The report by Manček-Keber et al highlights the key role of extracellular vesicles (EVs) derived from malignant B cells in the conversion of mast cells and macrophages into cells that promote lymphoma progression. In 90% of patients with Waldenström macroglobulinemia (WM), B cells harbor a mutation in the innate immune signaling adapter MyD88.2 MyD88L265P is a gain-of-function mutation encoding the membrane-associated protein with a propensity to aggregate into the myddosome. Manček-Keber and colleagues found that EVs produced by WM tumor cell lines or those isolated from bone marrow (BM) aspirates of WM patients carried the signaling-competent MyD88L265P and delivered the myddosome to mast cells and macrophages in coincubation experiments as well as in vivo in mice injected intravenously or intraperitoneally with PKH67-labeled EVs carrying MyD88L265P.

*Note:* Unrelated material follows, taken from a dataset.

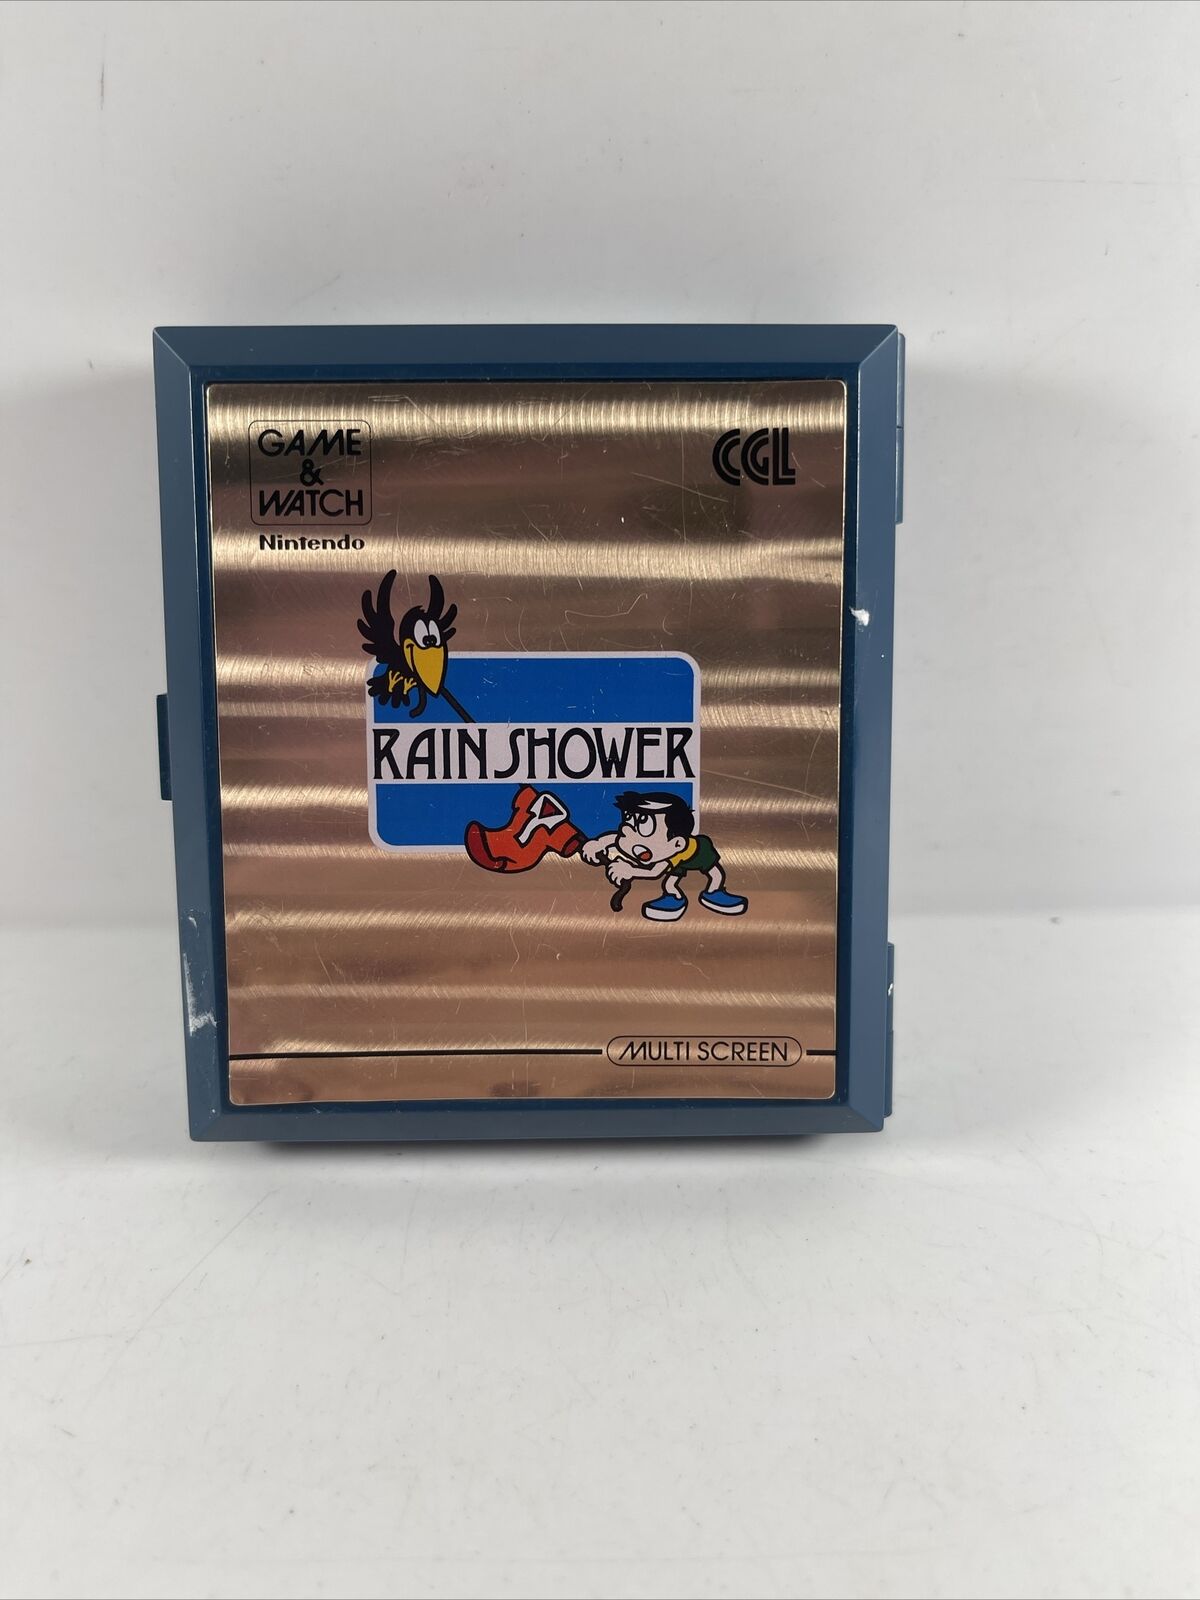 NINTENDO GAME & WATCH RAINSHOWER LP-57 1983 WORKING Please Read

What are EVs and how do they manage to transfer signaling complexes from one cell to another? When EVs were first discovered in the 1980s,3 they were thought to be responsible for removing cellular waste. Today, EVs emerge as a universal communication system that conveys molecular and genetic signals to near or distant target cells and reprograms their functions.4 EVs are membrane-bound vesicles of diverse cellular origins present in all body fluids. EVs comprise exosomes, MVs, and apoptotic bodies.5 Exosomes are the smallest subset of EVs (30-150 nm) that originate from the endocytic compartment of parent cells. MVs are larger and are formed by budding of the parent cell membrane.6 EVs are coated with a wide variety of membrane-associated biologically active molecules, including cell adhesion molecules necessary for the uptake of EVs by recipient cells via phagocytosis, endocytosis, fusion with the membrane, or receptor-mediated uptake.7 The EV lumen contains various soluble molecules and nucleic acids (messenger RNA, microRNA [miRNA], and DNA) that EVs shuttle from parent to recipient cells. Small (femtomolar) quantities of cellular contents in EVs delivered to recipient cells need to be amplified to achieve physiological effects; hence, EVs carry their own amplification machinery in the form of enzymes, transcription factors, and cytokines.5 Isolation of EVs from cell line supernatants or body fluids by ultracentrifugation at >100 000g for 2 hours is still the most widely used collection method, although the recovered vesicles are mixtures of EV subsets. Methods for isolating EV from body fluids that discriminate between the EV subsets are being developed.8 Tumor-derived EVs are reported to be associated with cancer progression and downregulation of antitumor immune responses.9 EVs are also involved in chronic inflammation associated with the development of cancer.10 For these reasons, tumor-derived EVs have recently been of great interest.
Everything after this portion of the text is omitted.